The first queried variant was rs6983267(8), which is one of the first reported cancer susceptibility variants at the 8q24 locus. Our query returned 37 GWAS Catalog entries for variants in LD with rs6983267 (Supplemental Table 1). A top disease association returned by the query was prostate cancer(8,11), which is a good positive control as rs6983267 lies around the known prostate cancer 8q24 region. The other cancer association returned by the query was for colorectal cancer(12,13), suggesting pleiotropic cancer effects for this locus.

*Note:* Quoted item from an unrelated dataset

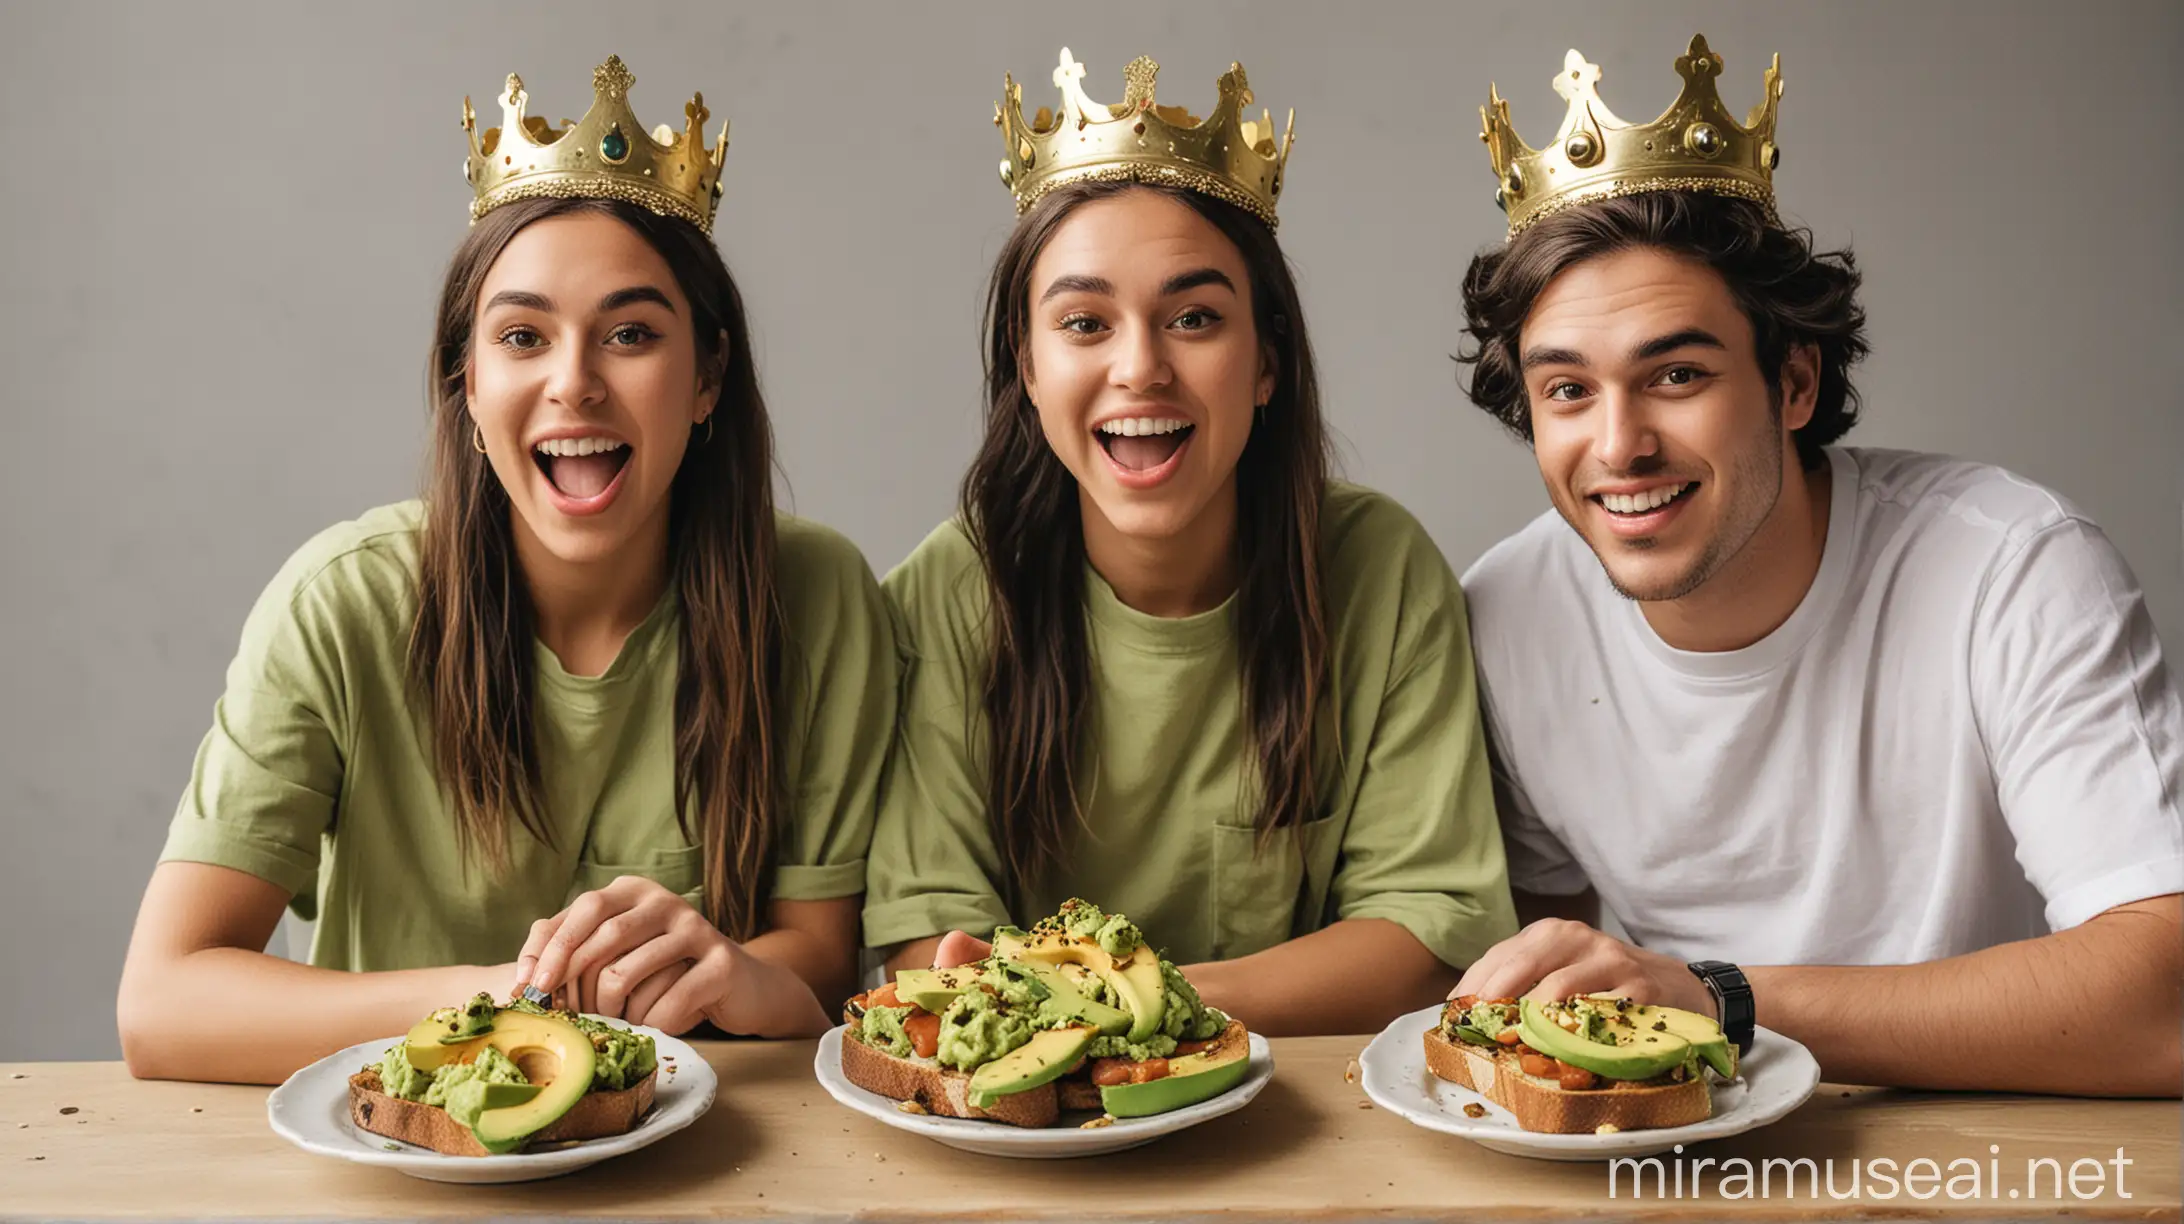 A millennial king who is a man and a millennial queen who is a woman, and they are eating avocado toast and wearing crowns

The next variant we queried was rs2736100(9), a germline variant on chromosome 5 near telomerase reverse transcriptase (TERT), to identify additional reported GWAS associations in LD at this TERT locus. TERT is a vital component for making the enzyme telomerase, which maintains telomere length at chromosomal ends and likely has pleiotropic relationships with cancer and other traits. Our LDtrait query for rs2736100 found 145 GWAS traits and diseases with associated variants in LD with rs2736100 (Supplemental Table 2). Unsurprisingly, a top hit for rs2736100 included telomere length(14), but we also identified pleiotropic associations with red blood cell counts(15) and several tumor types (e.g., glioma(16), lung(17), and testicular(18)).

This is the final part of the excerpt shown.